The boys picked the rafting, afraid the Chilkoot would be too hard on their
grandad.
Looking back three months later, he calls their rafting adventure "spectacular."
And for his grandsons, Andrew and David Scavullo of San Francisco, Calif., it
was the "greatest experience they'd ever had." But the challenge began back in
West Virginia, as Elden attempted to get reservations for the trip.
"I didn't know it was so popular," Elden said. "I was stunned. People sign up
for that a year in advance, and they are allowed to take only 20,000 rafters -
150 per day - down the river each 100-day season." But in July, Elden and his
grandsons were among them, having secured reservations through a Phoenix travel
agency. The group met there, rented a car and drove about 250 miles north to
their starting point, passing the Vermillion Cliffs, the Painted Desert, the San
Francisco mountains and primitive Indian reservations along the way After a
night at the adobe-styled Wahweap Lodge, owned by the National Park Service,
Elden and his grandsons embarked on a 30-mile bus trip to Lees Ferry Landing - a
natural crossing for early travelers and the only platform within hundreds of
miles that could be reached by wagon train from either side of the canyon.
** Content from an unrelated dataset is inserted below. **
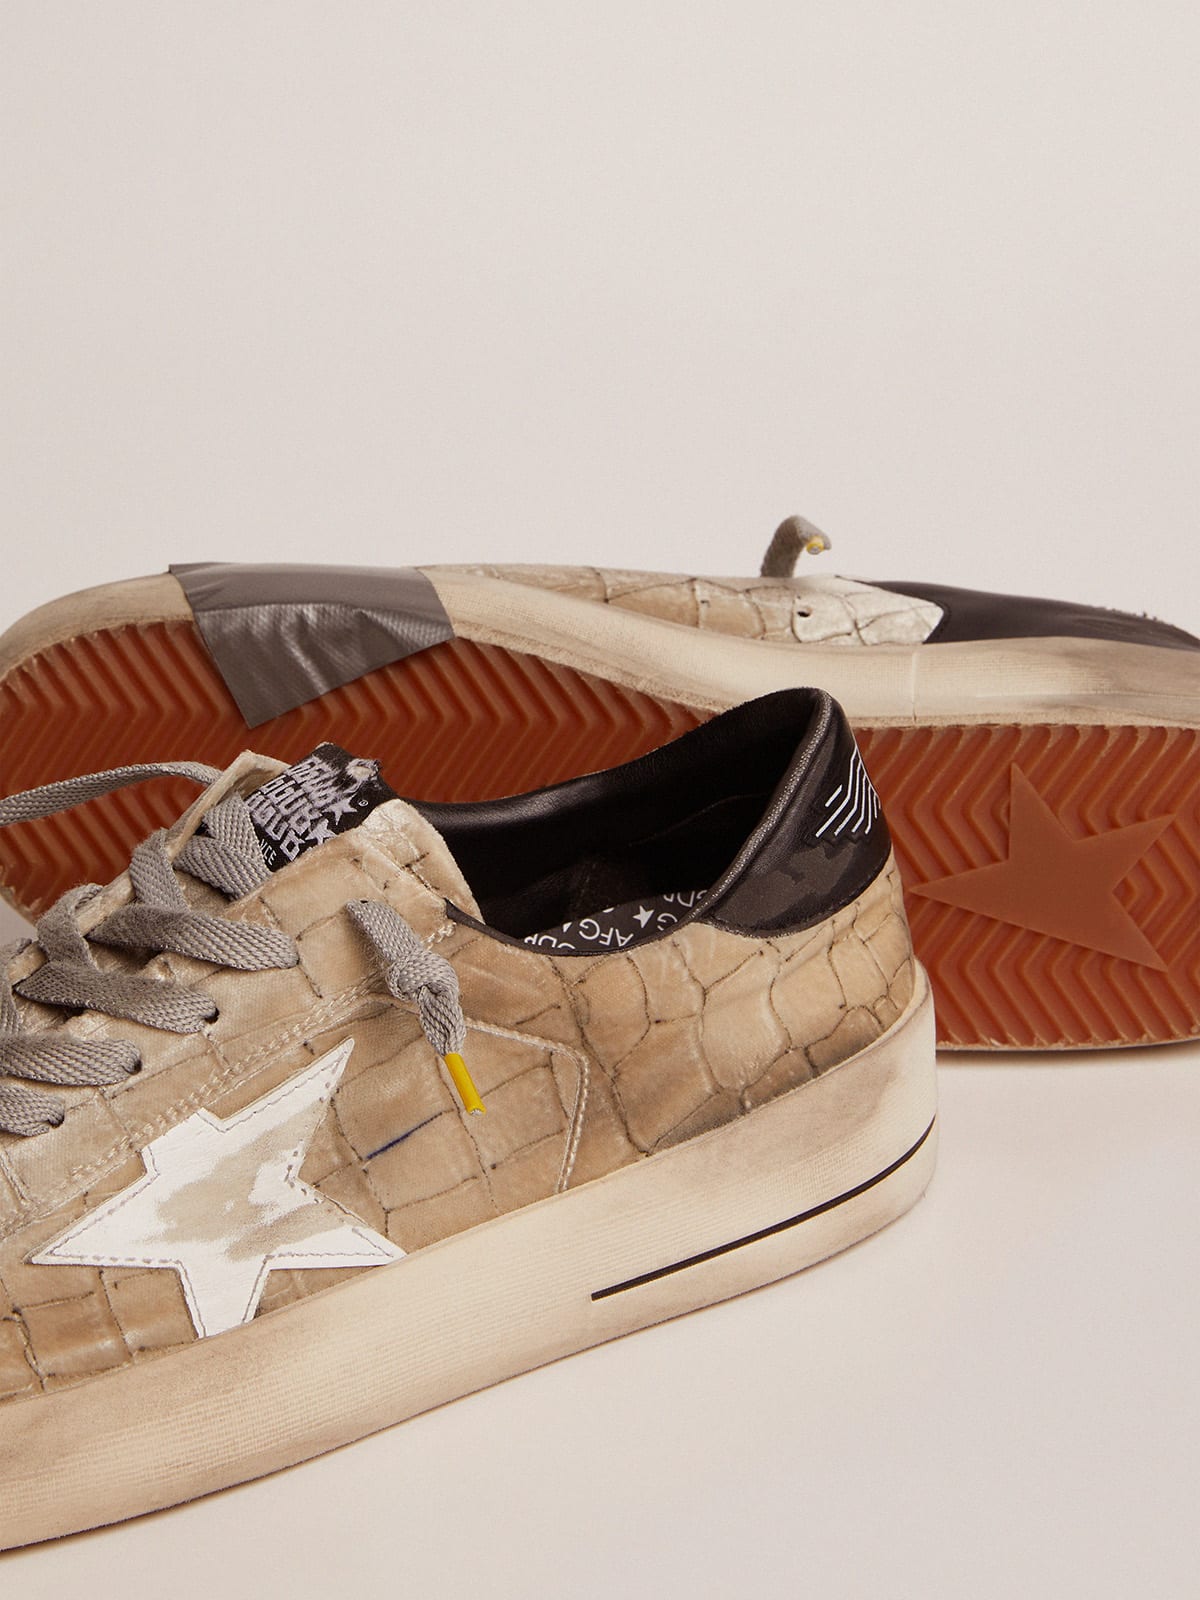 Golden Goose - Stardan LAB sneakers with silver velvet upper and crocodile print in

Their raft - a 38-foot oval motorized rubber craft on pontoons _ and a guide
named Holly waited for them.
While she might not have fit their image of guide, Holly proved herself during
the next week. Said Elden, "Holly was little, but she could really handle that
raft. She had been doing it for several years, and knew the high and low spots
and could get the raft through with no problem." Days were spent navigating
their way down the canyon - cliffs 5,000 feet high on each side of them and 122
major rushing rapids below them.
"We traveled 187 miles and the river dropped 1,900 feet over that distance,"
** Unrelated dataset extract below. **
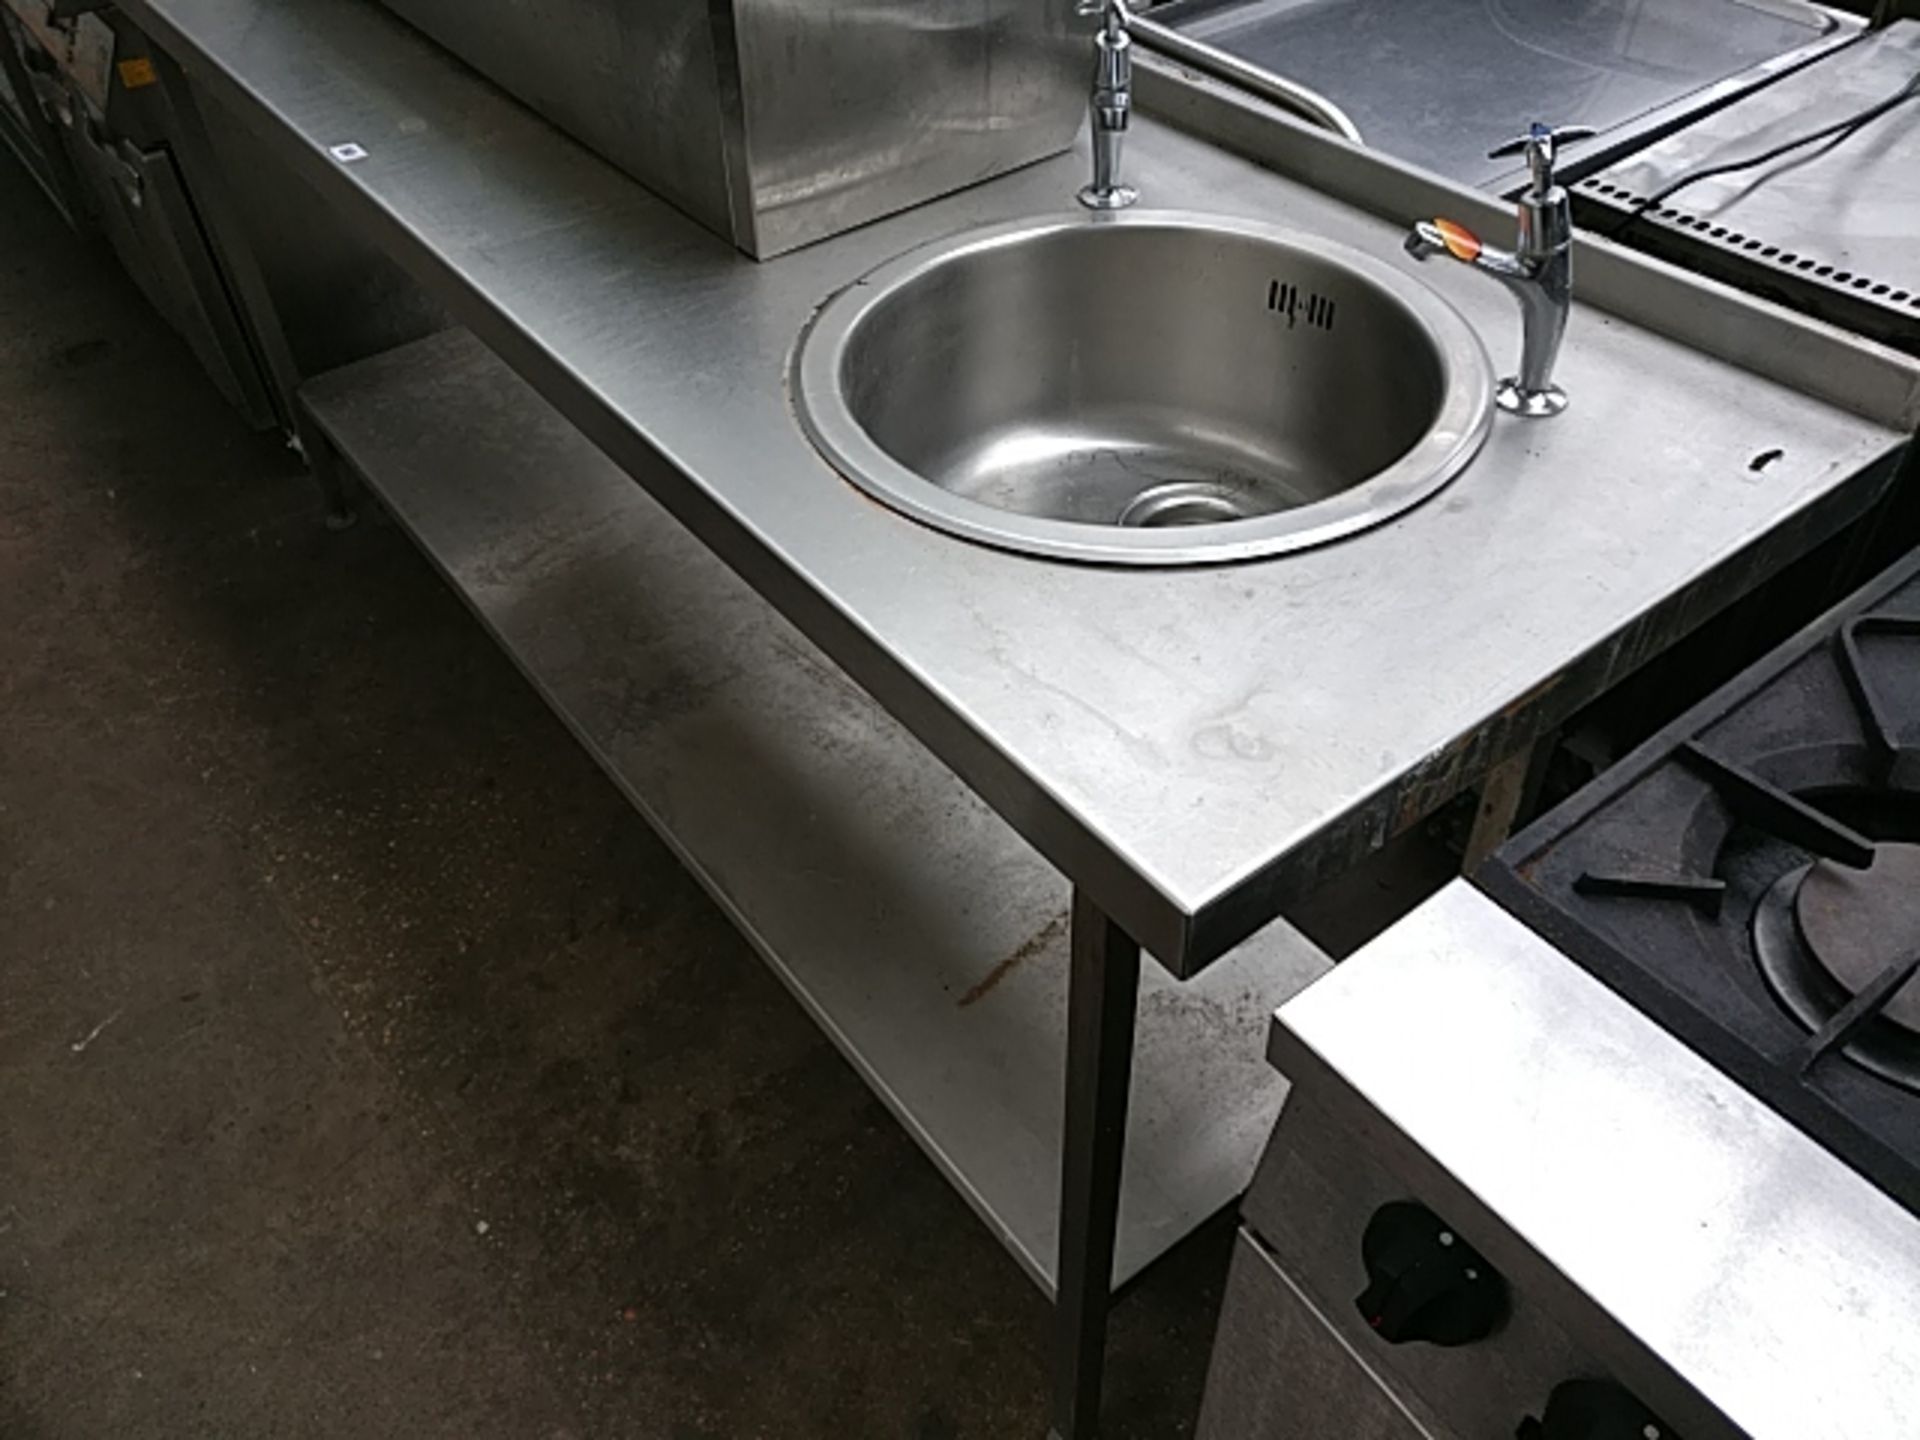 210cm stainless steel prep table with hand basin & tap set, shelves under - Image 2 of 2

said Elden. "Some of the rapids had 30-foot drops ." Meanwhile, gear traveled
with them - 700 pounds of ice, fresh meats, fish, fruit, cold cuts, sleeping
bags, a spare motor and the very necessary porta potty, called "Oscar." "Leave
nothing but your footprints," is the motto of the canyon, explained Elden. "We
left nothing. We carried our solid waste out with us, and we cooked over
charcoal, leaving no traces of campfires when we left.
"There just is no litter in there," Elden said. "The sand, the banks are
pristine." At night, the rafters slept on the banks of the river under the
stars. The tents were reserved for foul weather, which never came But the days
were hot enough at 110 degrees to melt the icing in their Oreos and cause a soda
can to explode. The 52-degree water that flushed over the raft at each rapid was
a shocking reprieve.
"The water was so cold, I did not go swimming," said Elden.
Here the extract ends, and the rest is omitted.